* [What is expected]: Omit all pictures. Quote only the lines from the one with "550 Vanderbilt Avenue" through the end of the material below.

* [Supplied material]:
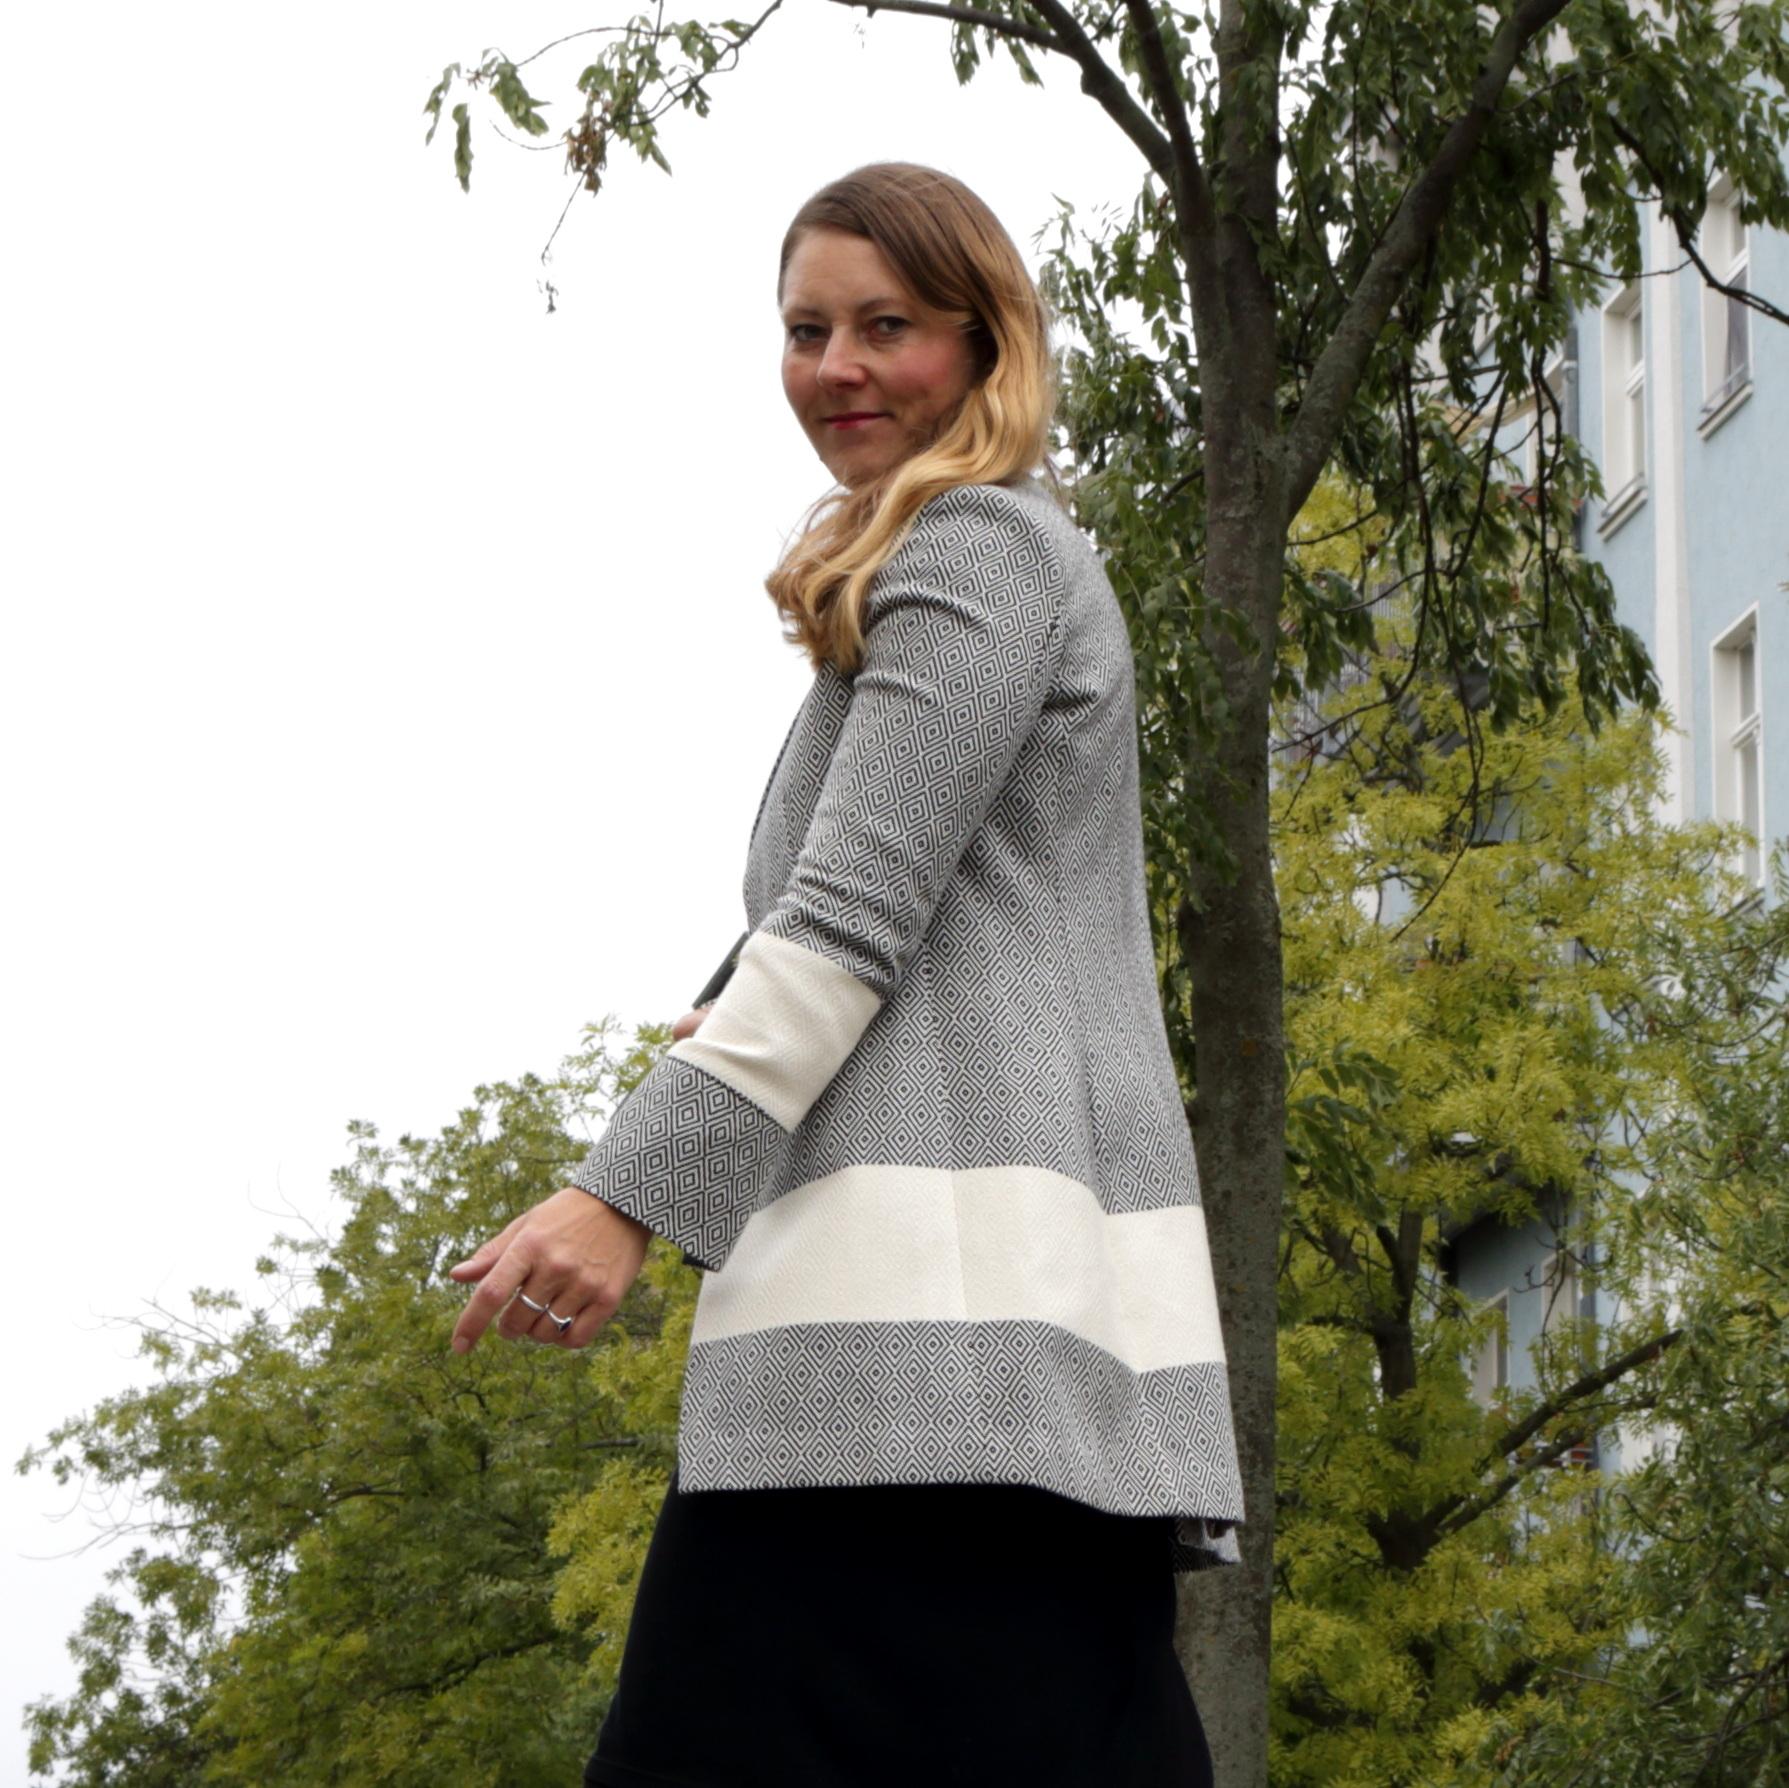 Gundara - design - longjacket - cotton - hamam towel - Berlin - elegant
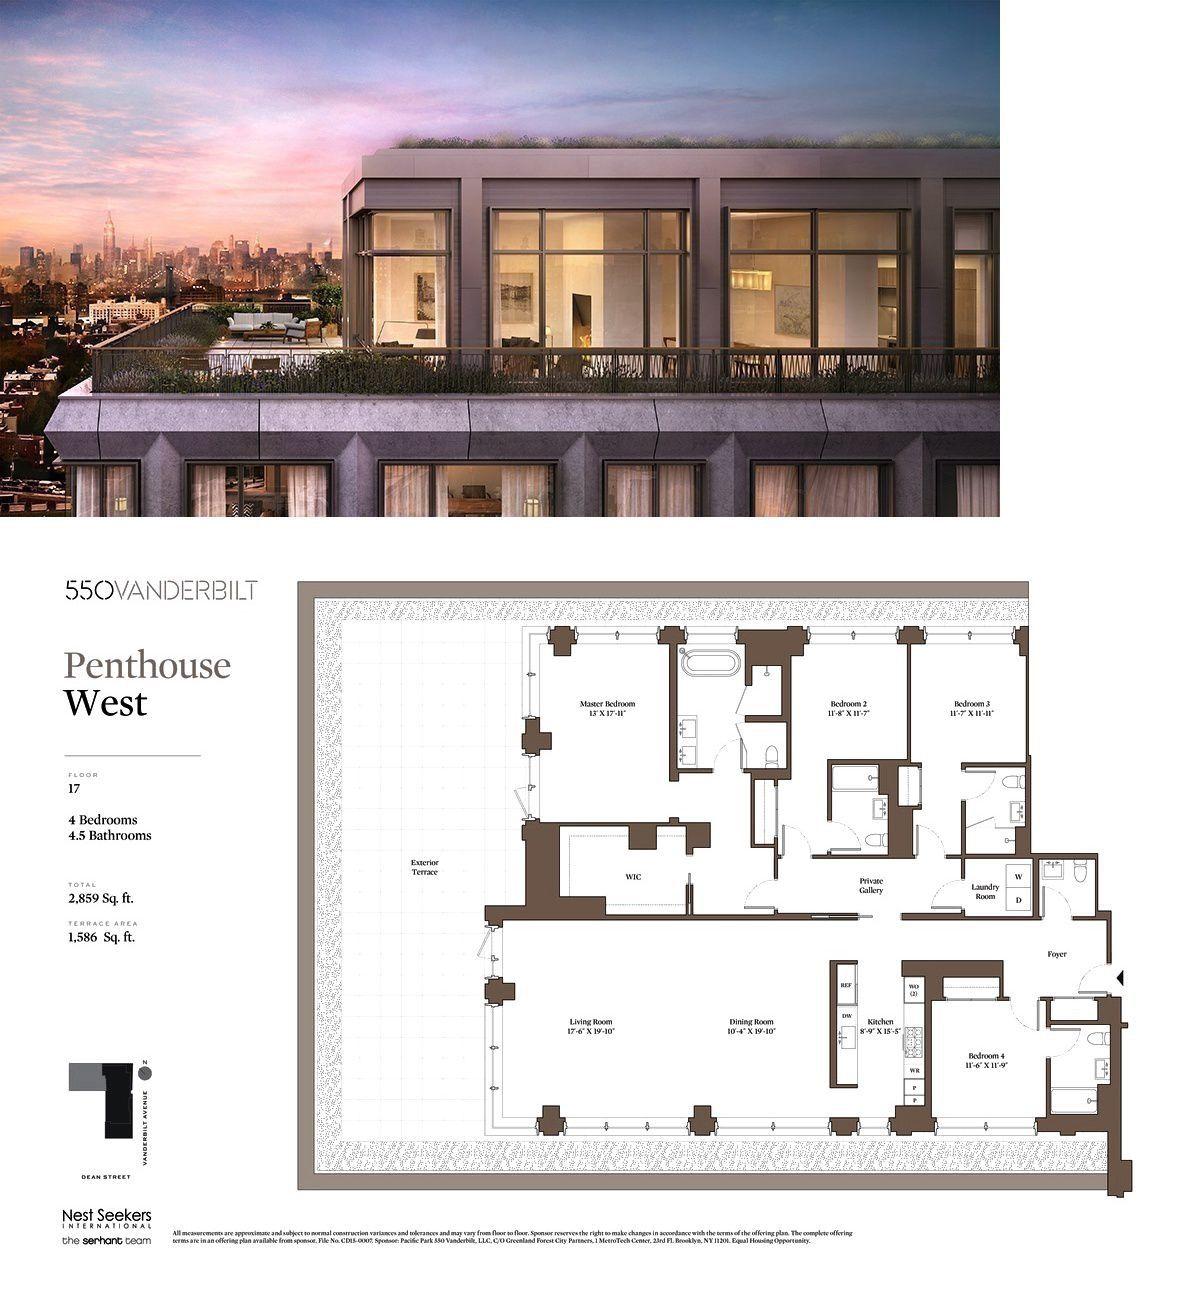 550 Vanderbilt Avenue Phw In Prospect Heights Brooklyn Streeteasy Penthouse Apartment Floor Plan Mansion Floor Plan Architectural Floor Plans
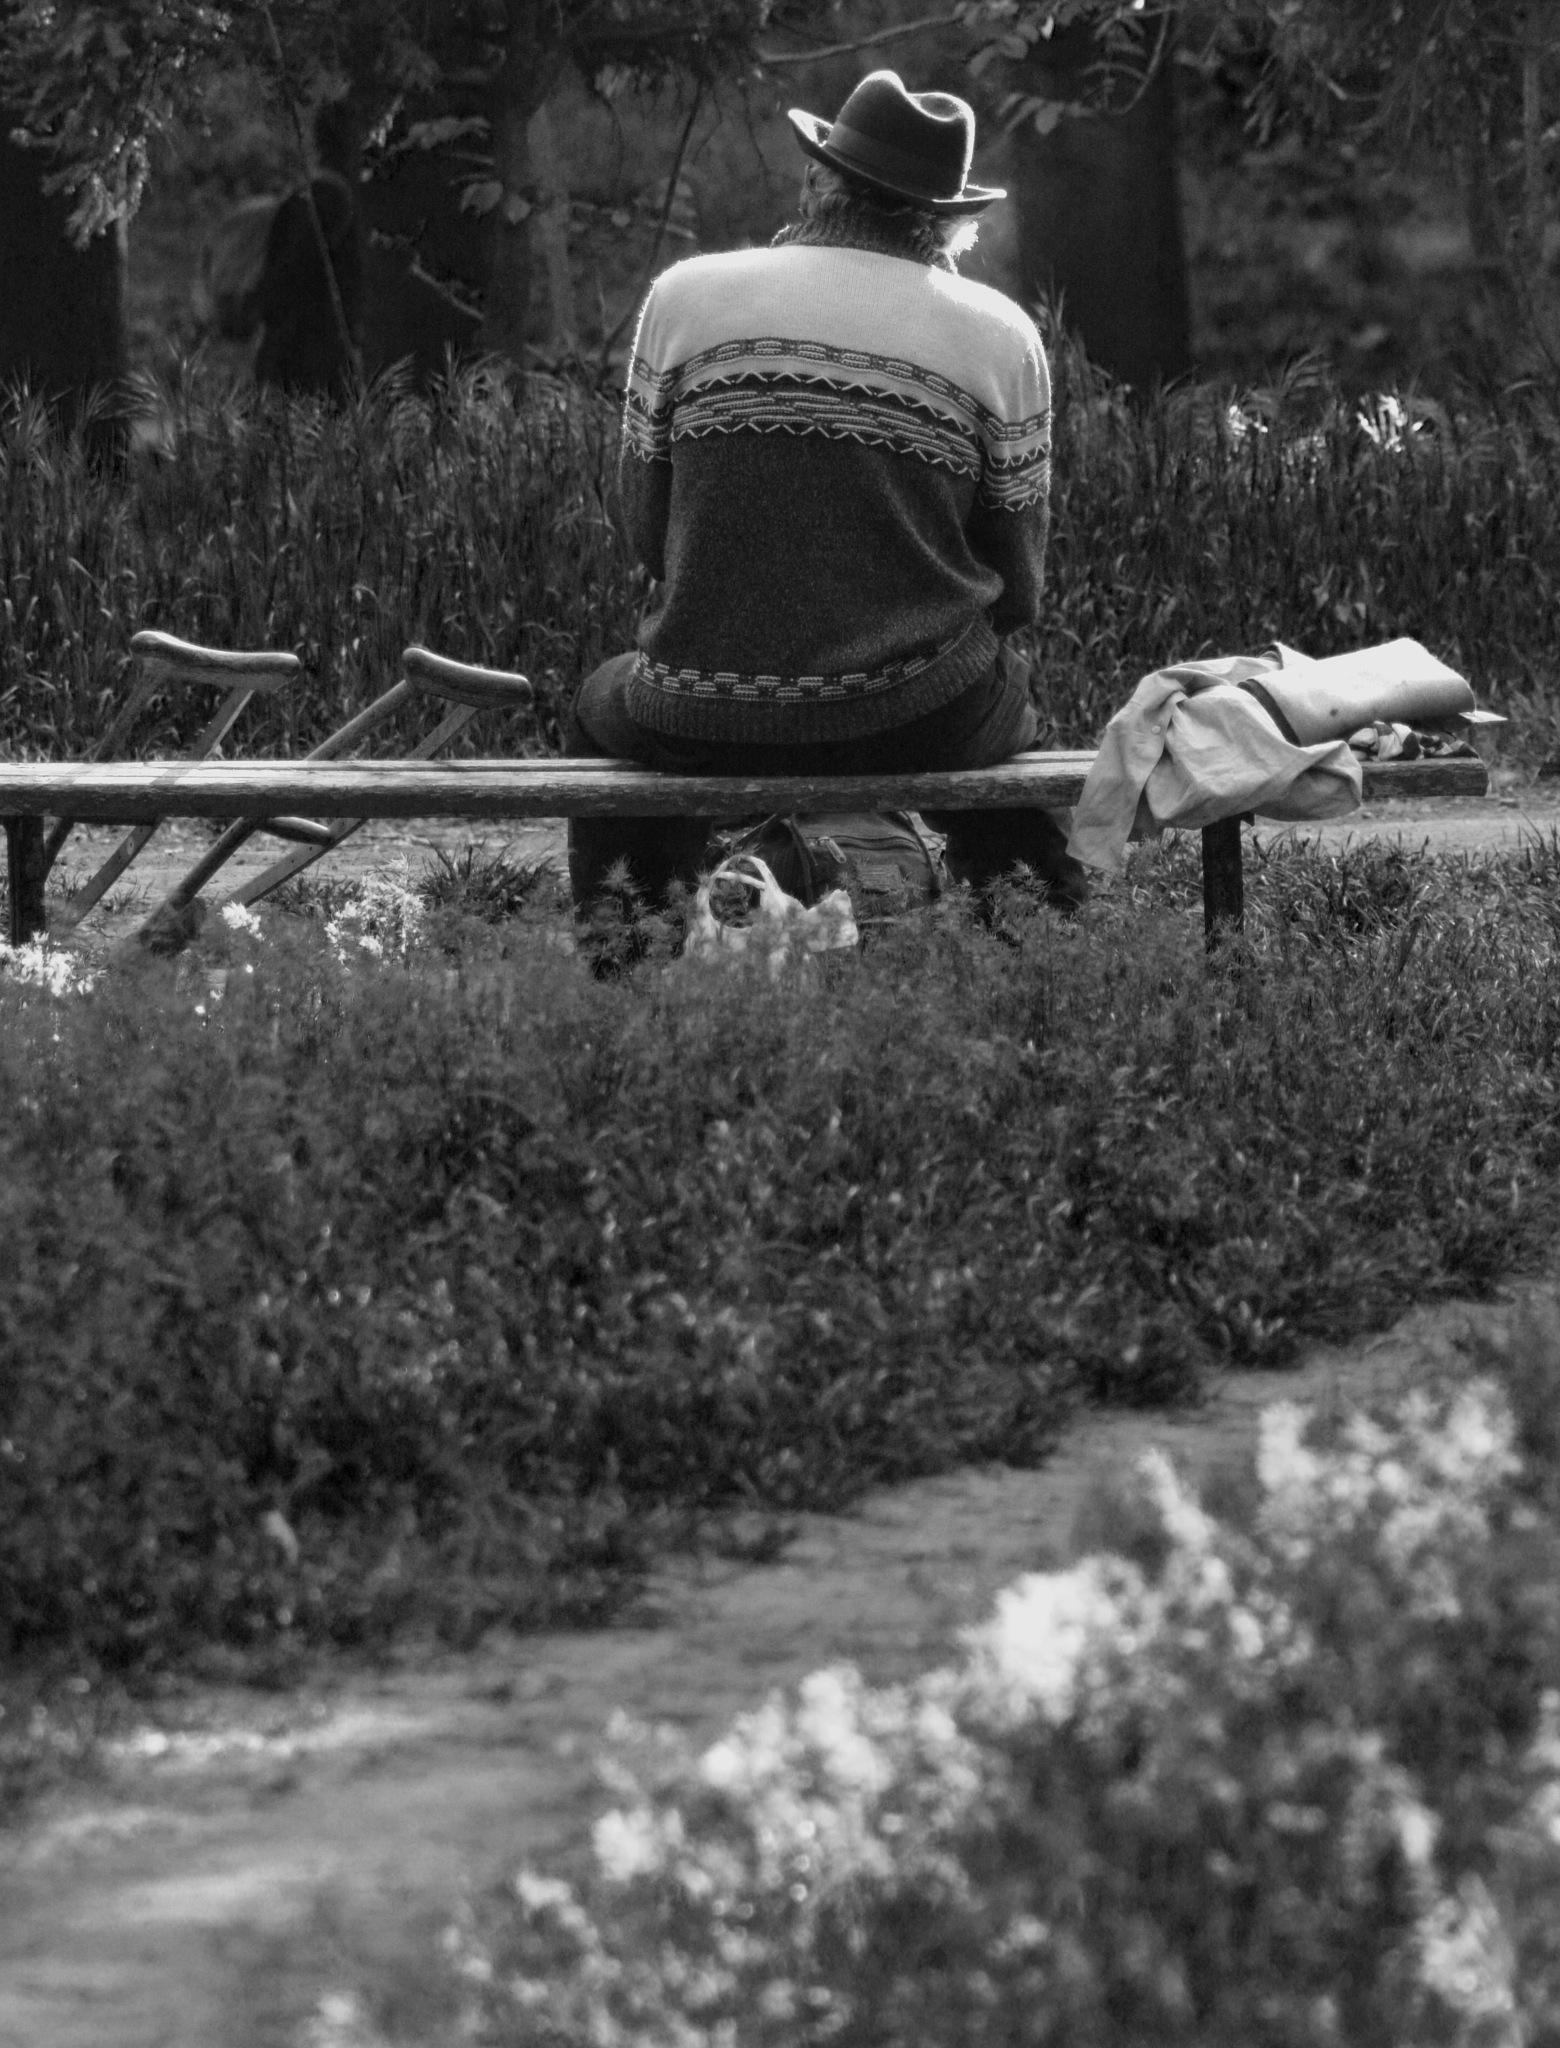 Old man on a Park Bench by Lars-Toralf Utnes Storstrand

* [Result of this exercise]:
 550 Vanderbilt Avenue Phw In Prospect Heights Brooklyn Streeteasy Penthouse Apartment Floor Plan Mansion Floor Plan Architectural Floor Plans
 Old man on a Park Bench by Lars-Toralf Utnes Storstrand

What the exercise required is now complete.